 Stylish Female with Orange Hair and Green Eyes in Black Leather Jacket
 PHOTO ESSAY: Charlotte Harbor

---

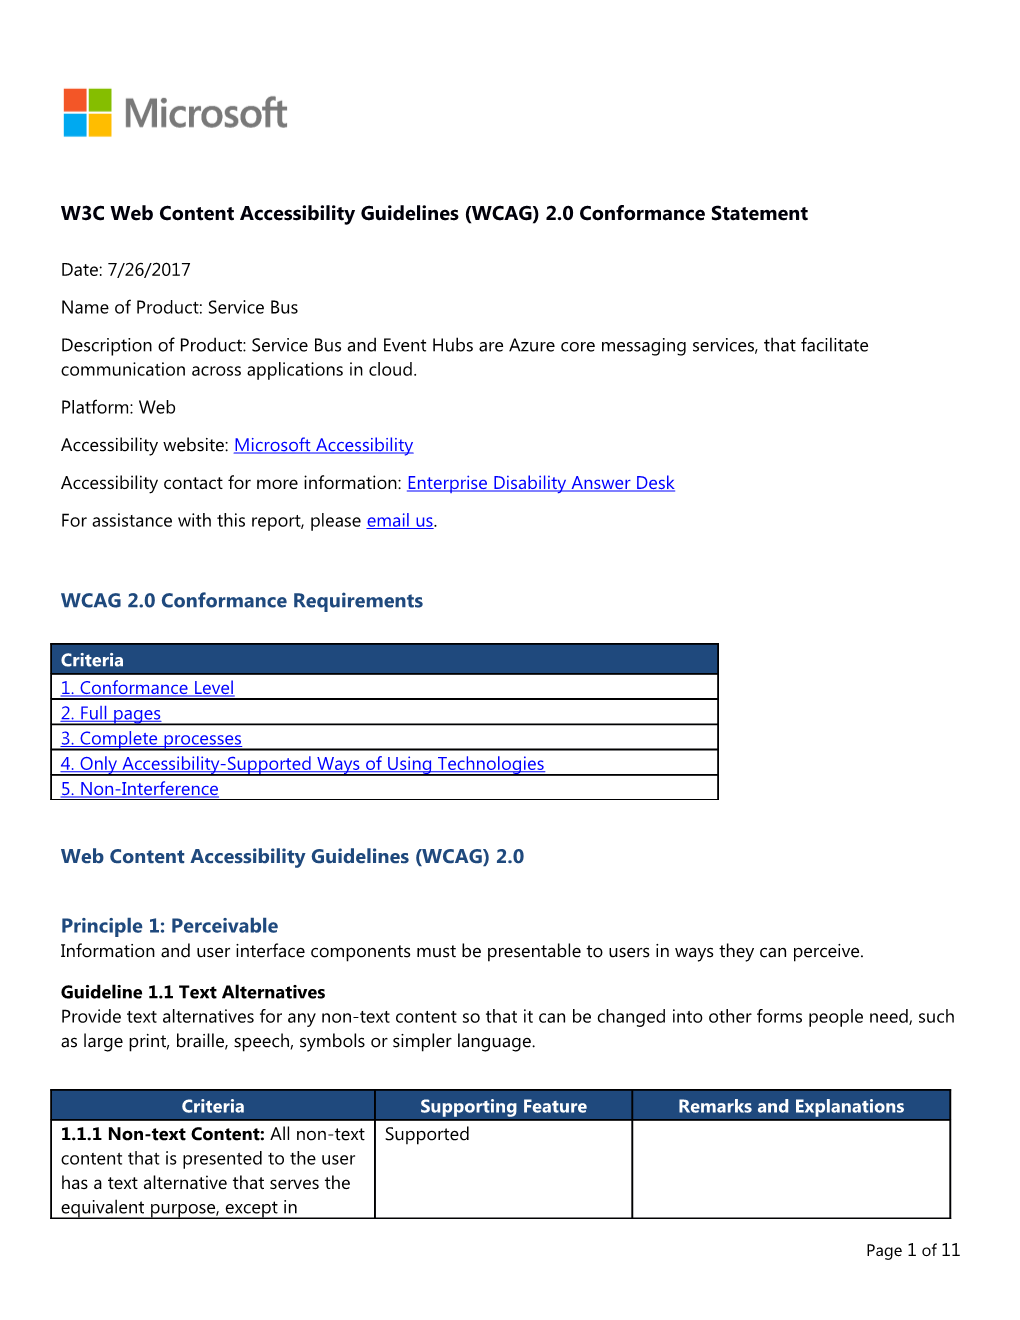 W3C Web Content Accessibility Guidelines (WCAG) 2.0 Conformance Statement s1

---

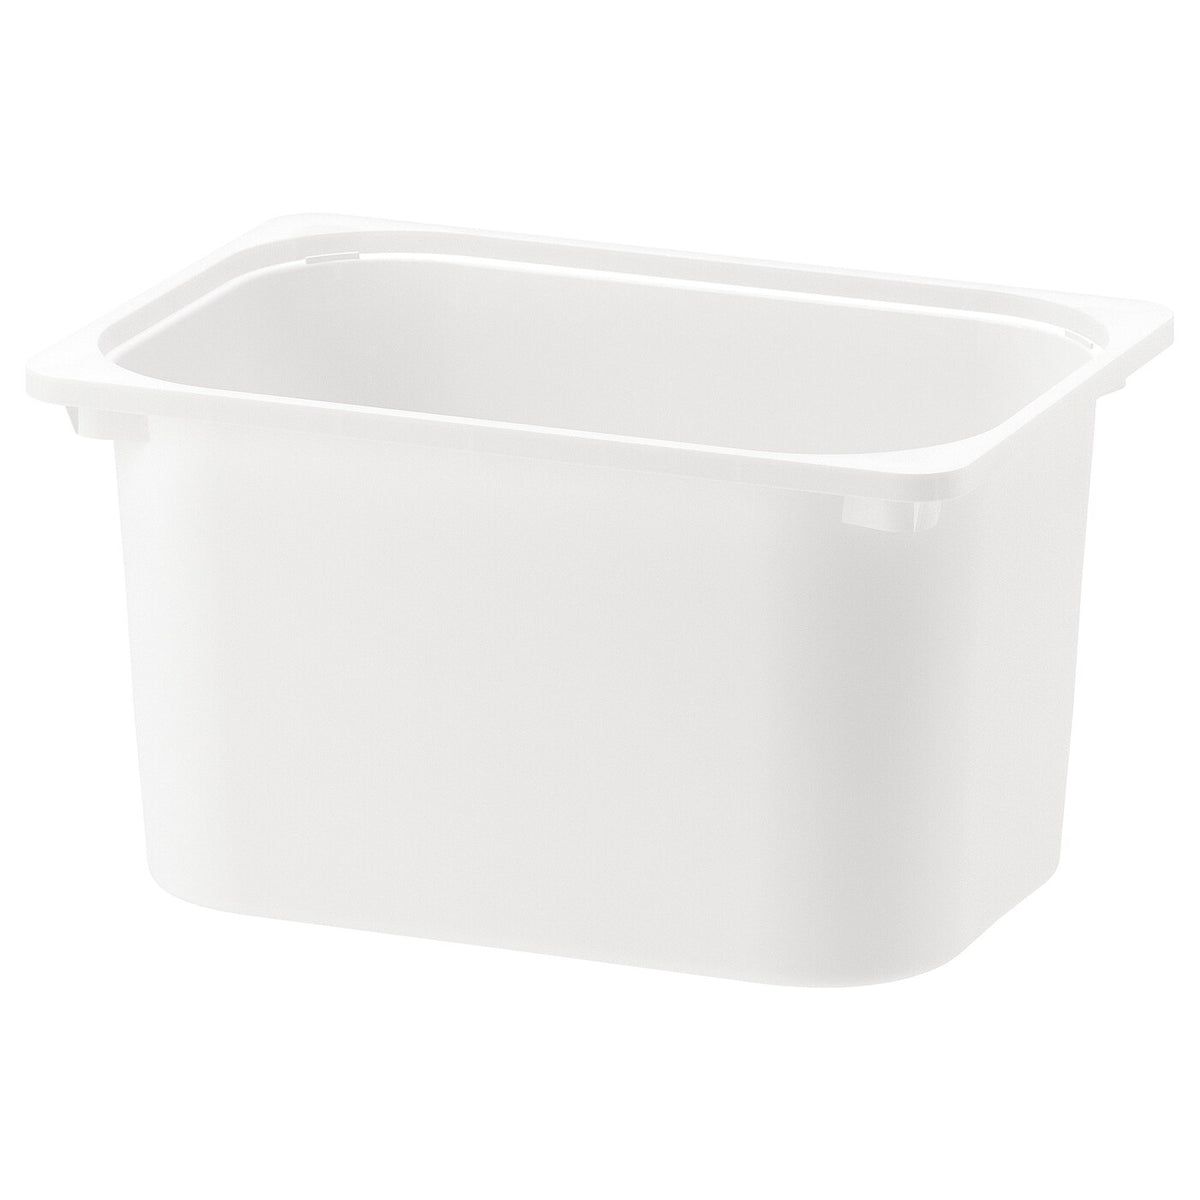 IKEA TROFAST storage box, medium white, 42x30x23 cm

EXERCISE:
The required answer is the exact run of lines above starting at the line with "Stylish Female with" and ending at the line with "PHOTO ESSAY: Charlotte Harbor", with both ends present.

EXERCISE RESPONSE:
 Stylish Female with Orange Hair and Green Eyes in Black Leather Jacket
 PHOTO ESSAY: Charlotte Harbor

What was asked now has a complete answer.